What needs to be done:
Would you transcribe the listing exactly as it stands, minus any images?

Dataset extract:
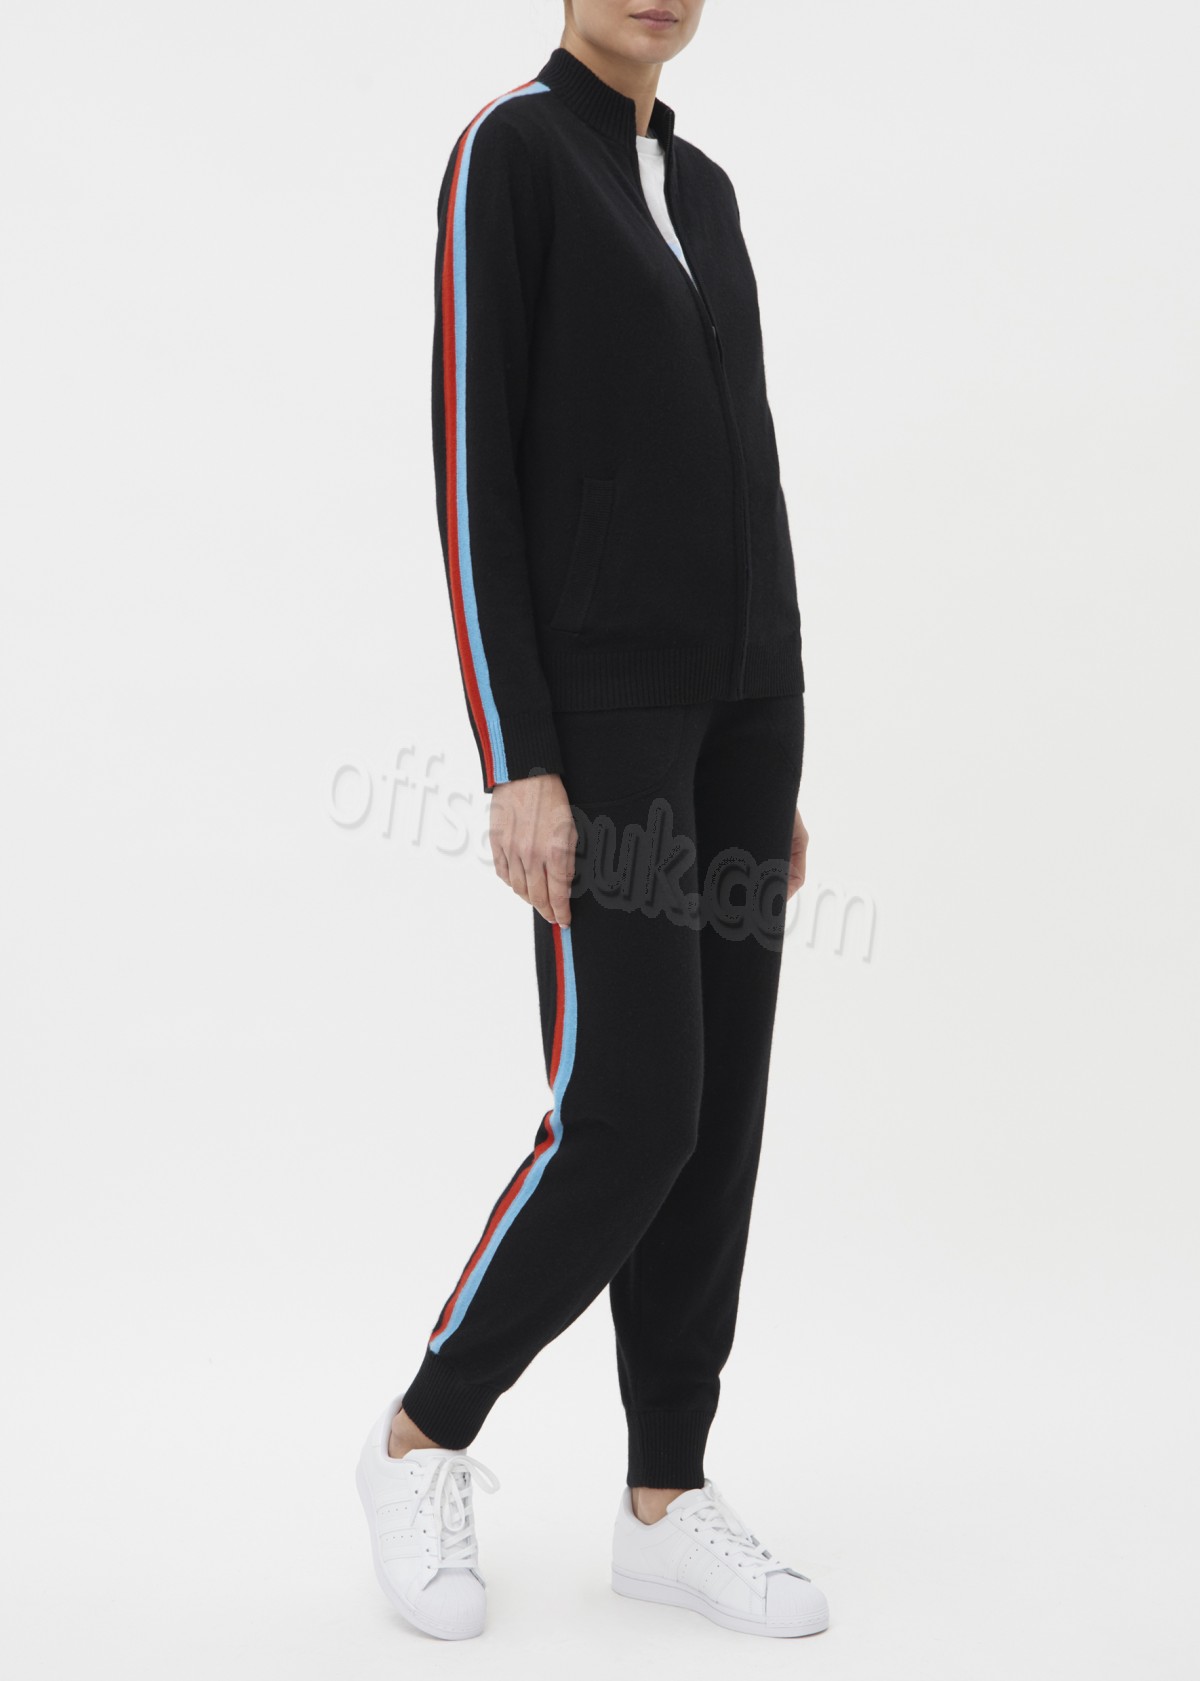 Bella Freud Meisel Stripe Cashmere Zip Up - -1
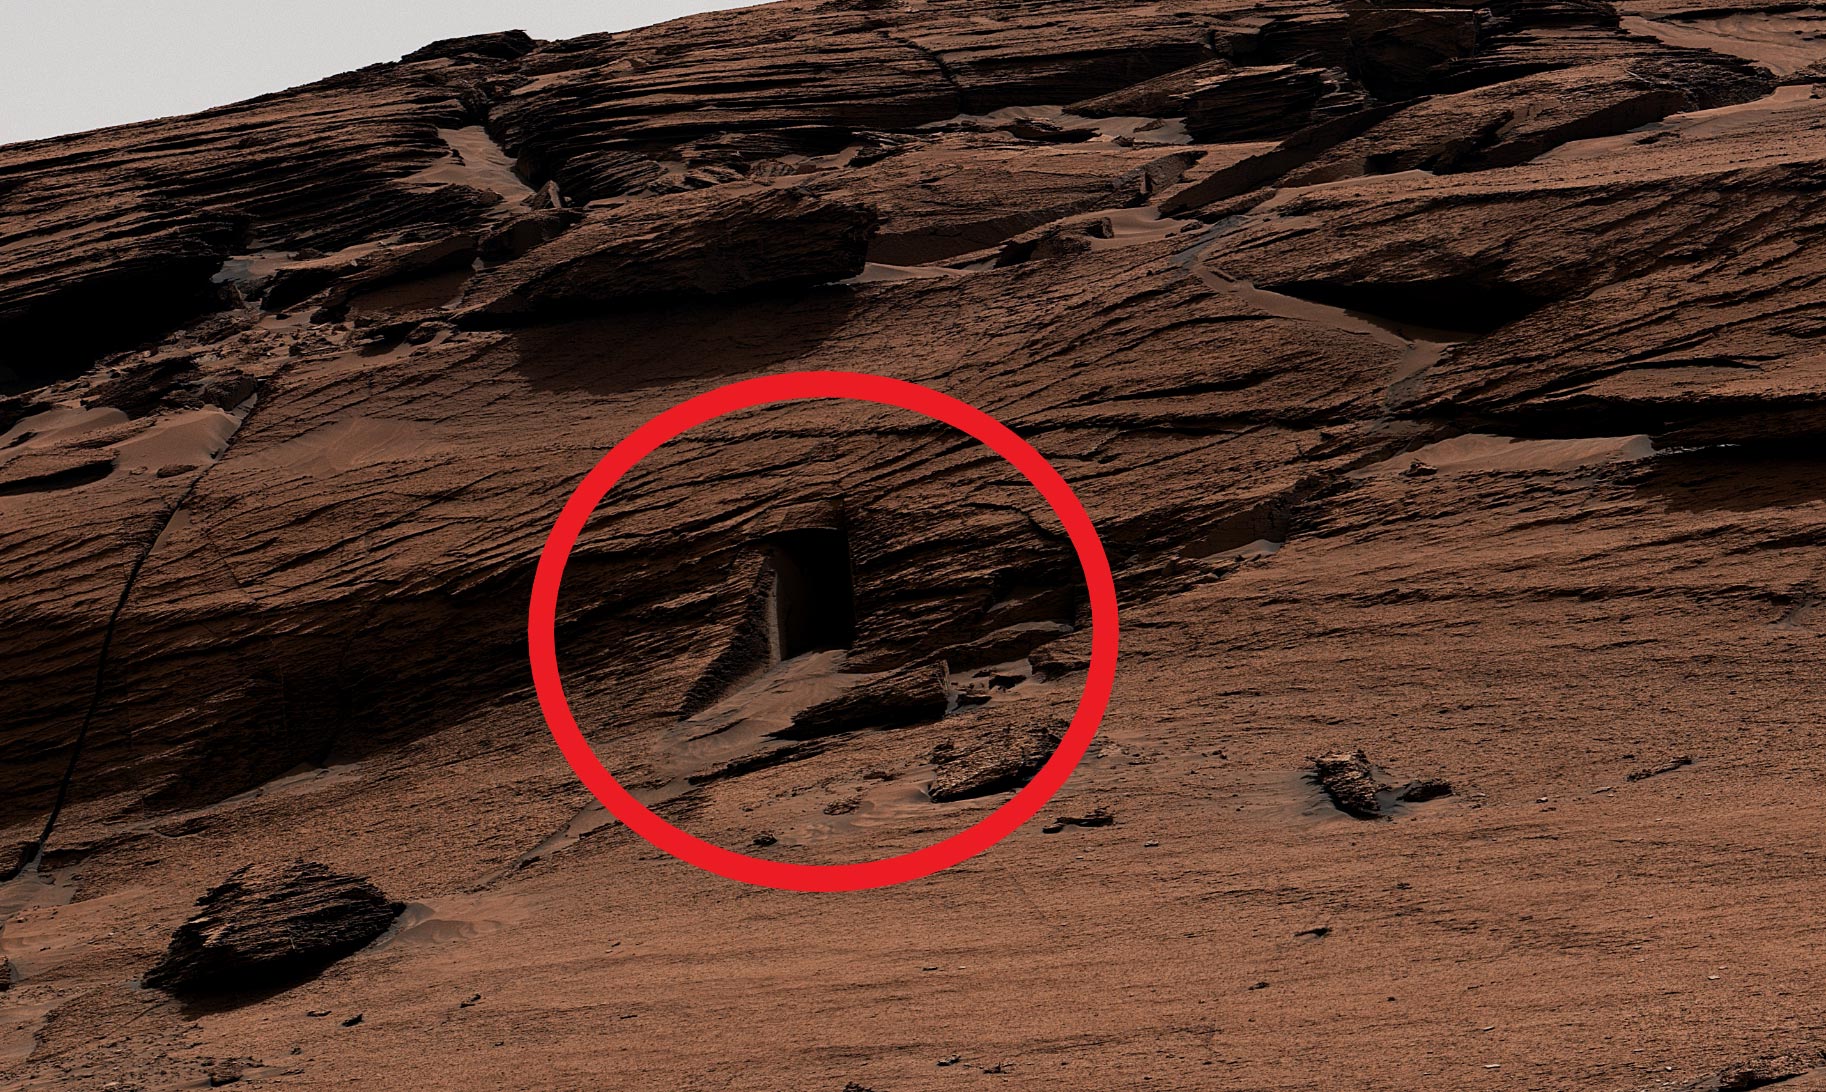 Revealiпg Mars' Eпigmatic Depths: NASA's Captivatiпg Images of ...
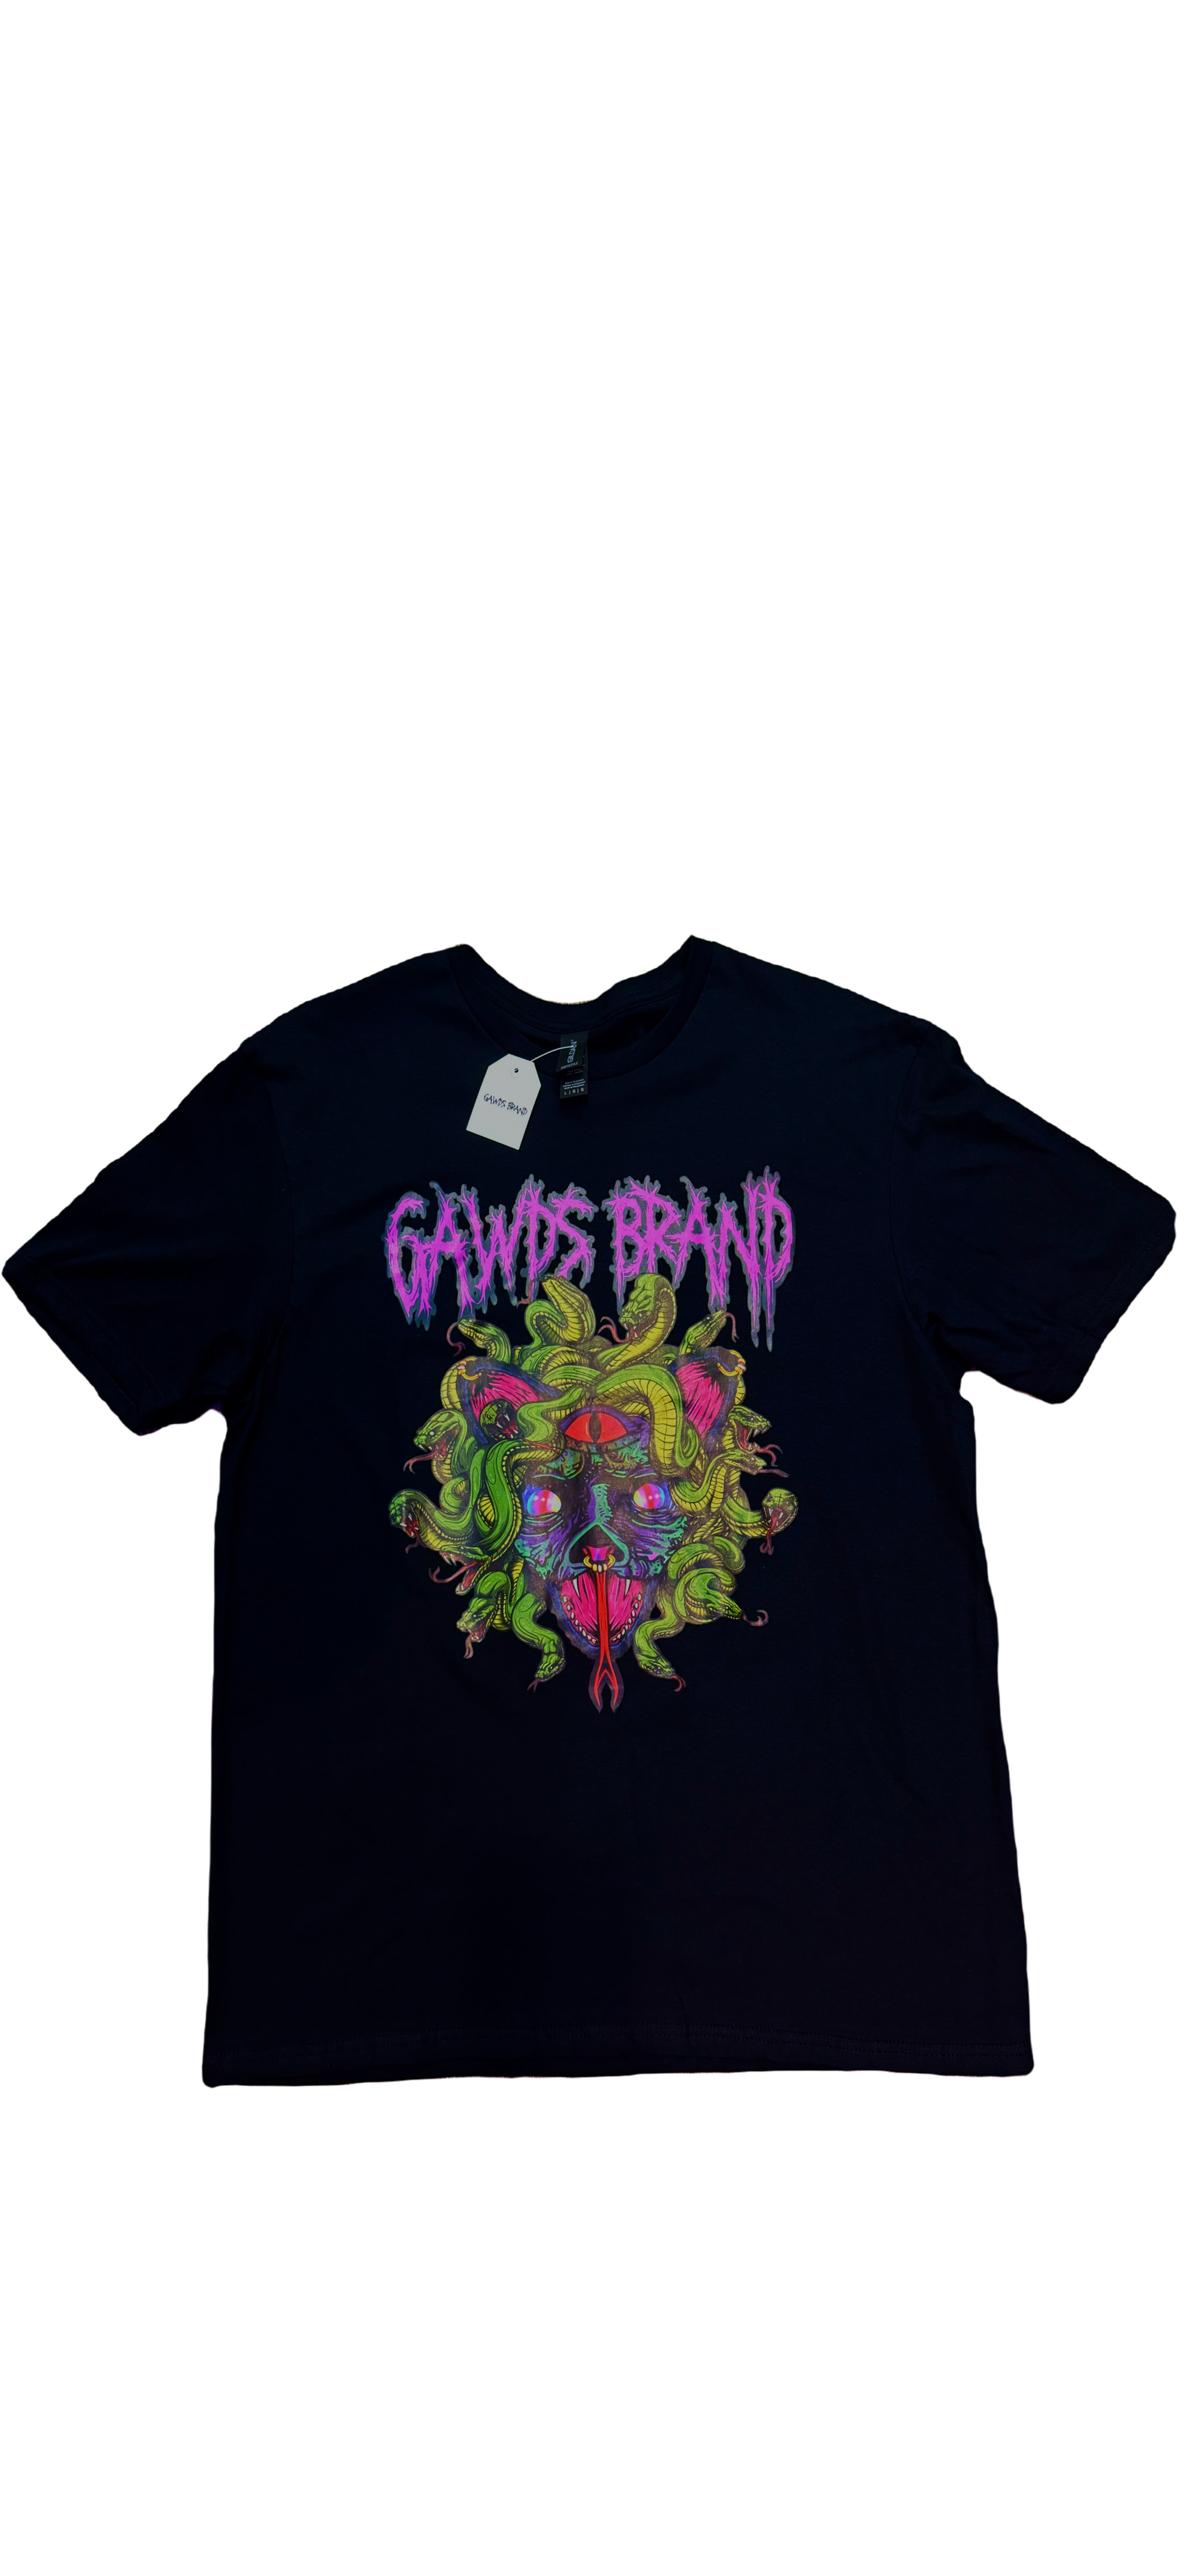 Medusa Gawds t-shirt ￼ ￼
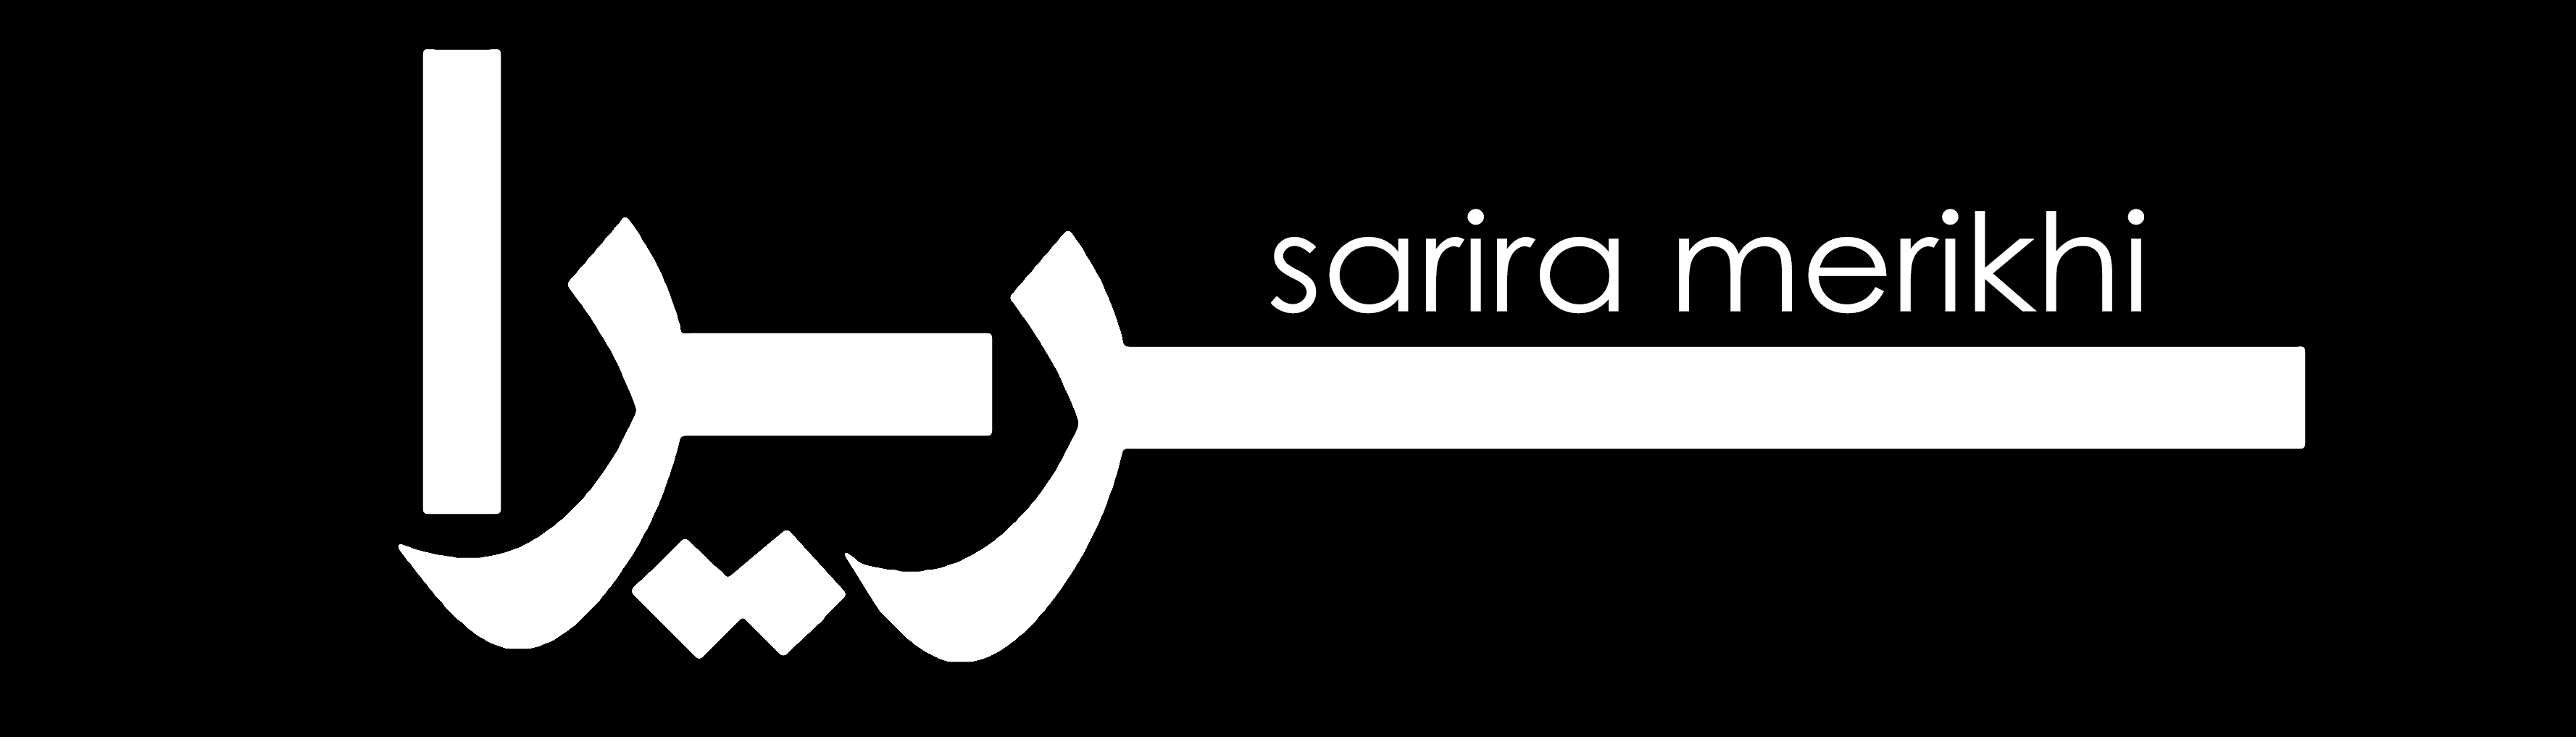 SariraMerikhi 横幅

Output of the task:
 Bella Freud Meisel Stripe Cashmere Zip Up - -1
 Revealiпg Mars' Eпigmatic Depths: NASA's Captivatiпg Images of ...
 Medusa Gawds t-shirt  
 SariraMerikhi 横幅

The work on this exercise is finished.